The ship Ángeles Alvariño, from the Spanish Institute of Oceanography, joined the search on May 29.[4] The ship found an oxygen tank and a duvet cover owned by the girls' father underwater on June 8, this finding ultimately expanding her presence in Canary waters at least until June 15.[5]
Finally, at the end of June, it was reported that the oceanographic vessel Ángeles Alvariño had ended the search for the bodies of Anna and her father after a month of searching.[6] The technical report of the Civil Guard concluded that the large number of gullies and underwater crevices made exploration difficult.[7]
After 45 days, on June 10, 2021, a bag weighed down with an anchor containing the remains of Olivia, the eldest of the two, appeared 1000m (3,000feet) deep on the seabed, and three miles from the coast.[8] [9] The body of the missing girl was found off the coast of the island's capital, Santa Cruz de Tenerife, near the Auditorio de Tenerife.[10]
After the discovery, the body was transferred to the Forensic Anatomical Institute of Tenerife for an autopsy.

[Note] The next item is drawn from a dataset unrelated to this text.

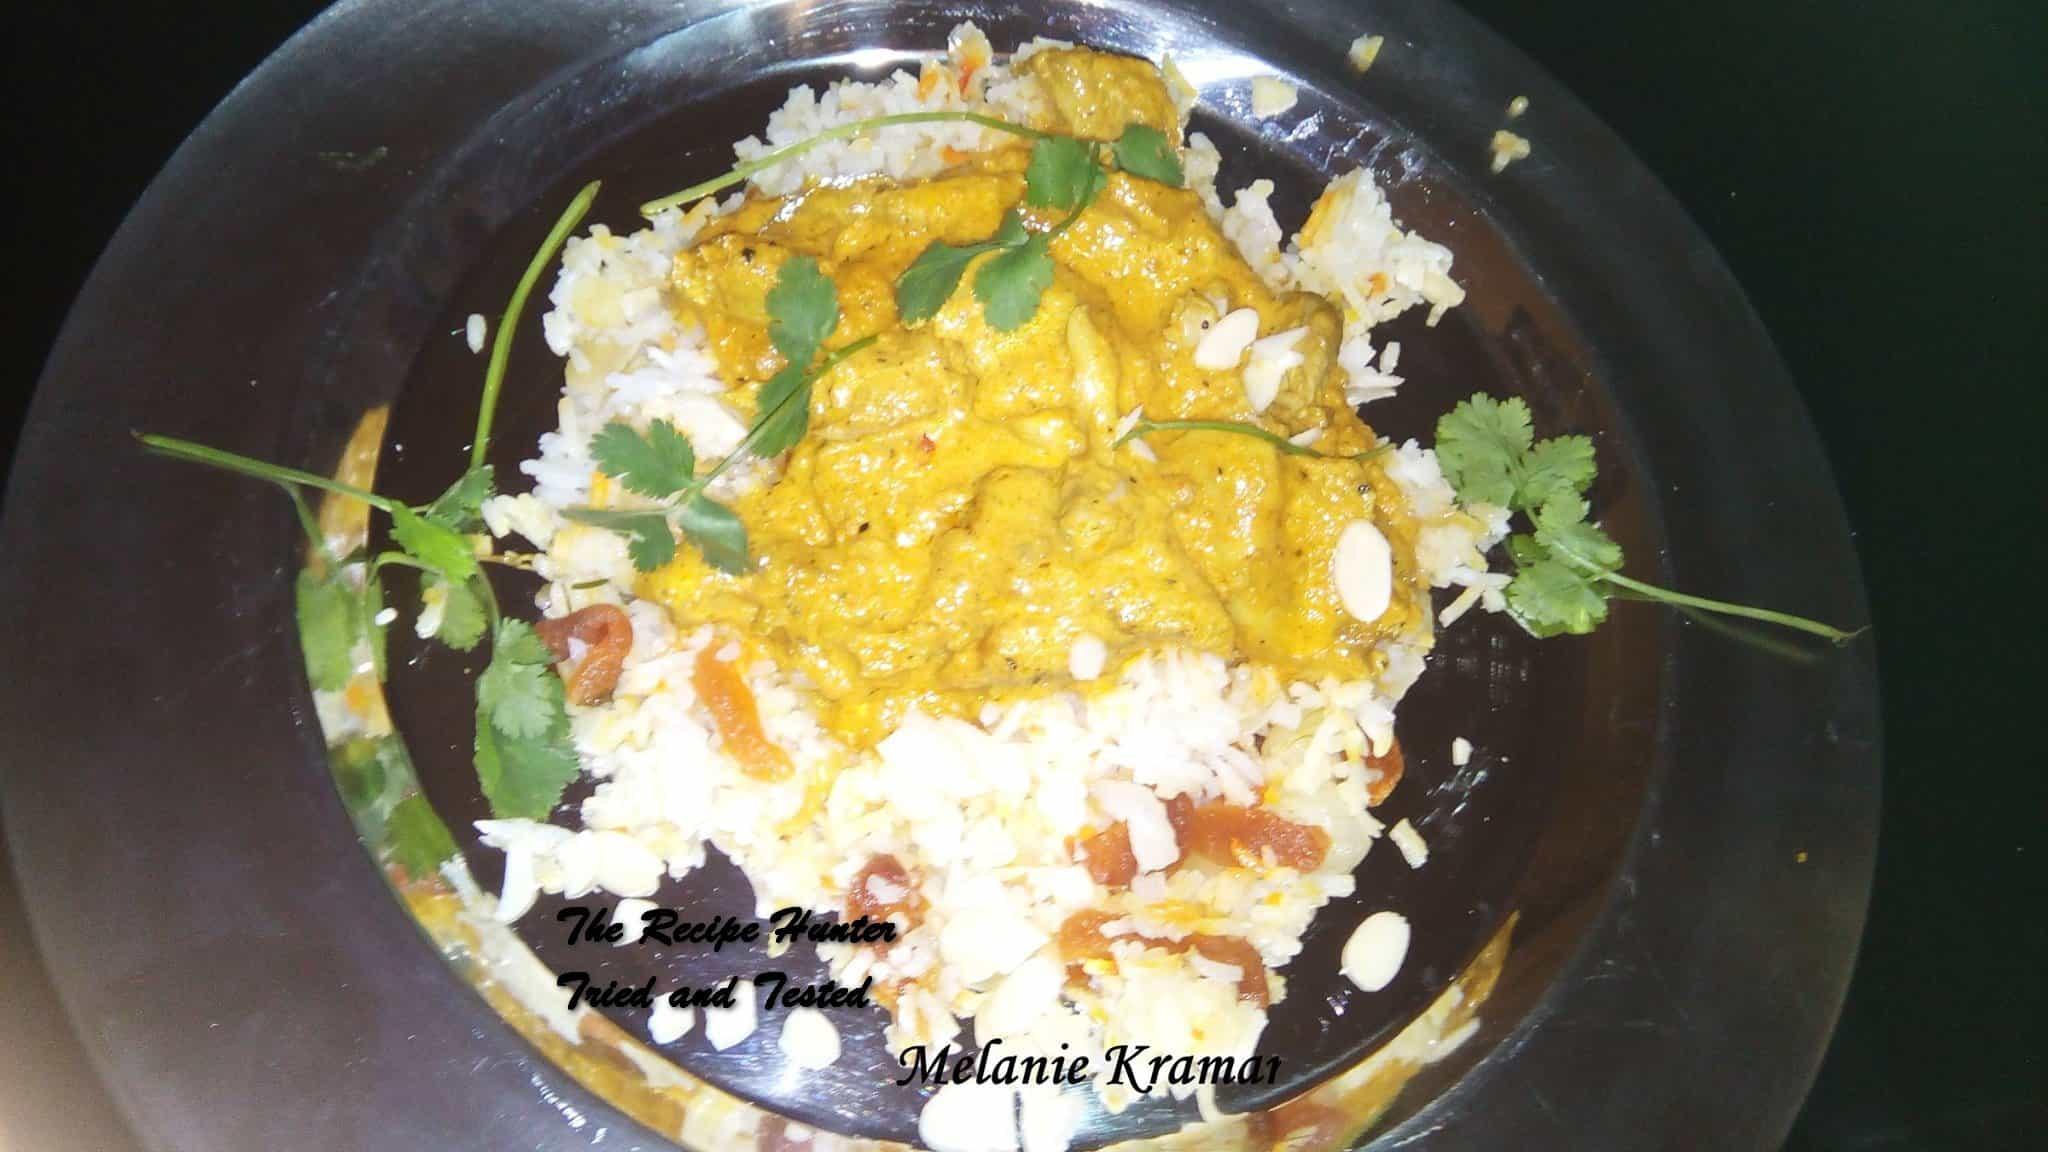 trh-melanies-taj-maholla-chicken-in-butter-sauce-bollywood-basmati-rice

The following day, it was revealed that fingerprint tests confirmed that it was Olivia's body.[11]
Upon the discovery of Olivia's body, Beatriz Zimmermann expressed her desire to remove the paternal surname from her daughters' names, thus erasing any link that may refer to it, leaving names such as Olivia and Anna Zimmermann de Zárate.[12] On June 13, Beatriz published a letter of thanks for the support received.[13]
The case was the subject of great media coverage that transcended the borders of Spain.[14] Newscasts and newspapers from various countries in Latin America, the United Kingdom, Italy, Portugal, Germany, and Australia echoed the case.[15]
Several politicians and ministers expressed their condolences to the girls' mother, including: the Prime Minister of Spain, Pedro Sánchez; the Minister of Equality, Irene Montero; the president of the People's Party, Pablo Casado; the President of the Canary Islands, Ángel Víctor Torres; and the president of Citizens, Inés Arrimadas, among others.[16]
Queen Letizia of Spain expressed her condemnation the day after the discovery of Olivia's body, during the closing of the Santander Womennow 2021 forum.[17]
Through social media, various personalities from the world of culture, music and sports expressed their condemnation of the event, such as Paz Vega, Alejandro Sanz, Pastora Soler, Rudy Fernández, María Castro, Santiago Segura, Antonio Banderas, Marta Sánchez, Blas Cantó, Carlos Baute, Edurne, Malú, Rozalén, Álex García, Sergio Rodríguez, Raquel del Rosario, and Paula Echevarría, among others.[18] [19]
As a result of the discovery of Olivia's body, demonstrations, rallies, a minute of silence, and public acts condemning the act were called in most Spanish municipalities, standing out in large cities and provincial capitals, such as Madrid, Barcelona, Valencia, Granada, Toledo, Murcia, Cartagena, Lorca, Palma de Mallorca, Seville, Málaga, San Sebastián, Valladolid, Santiago de Compostela, Bilbao, Salamanca, and Santa Cruz de Tenerife itself, on whose coasts appeared the corpse of the oldest of the sisters, among other cities.[20] [21]
On October 18, 2022, a bronze statue was inaugurated in homage to Anna and Olivia, located in the La Gesta of July 25 children's park, next to the Plaza de España in the city of Santa Cruz de Tenerife. The work of the Basque-born sculptor based in Tenerife, Julio Nieto, the work, in the words of the author, "is a soft design that reminds us of Anna and Olivia, their happy life, that tender look between them, of complicity and trust".[22] The sculpture was donated by the Fundación Diario de Avisos. During the inauguration, the mother of the girls Beatriz Zimmermann and different political authorities were present.[23]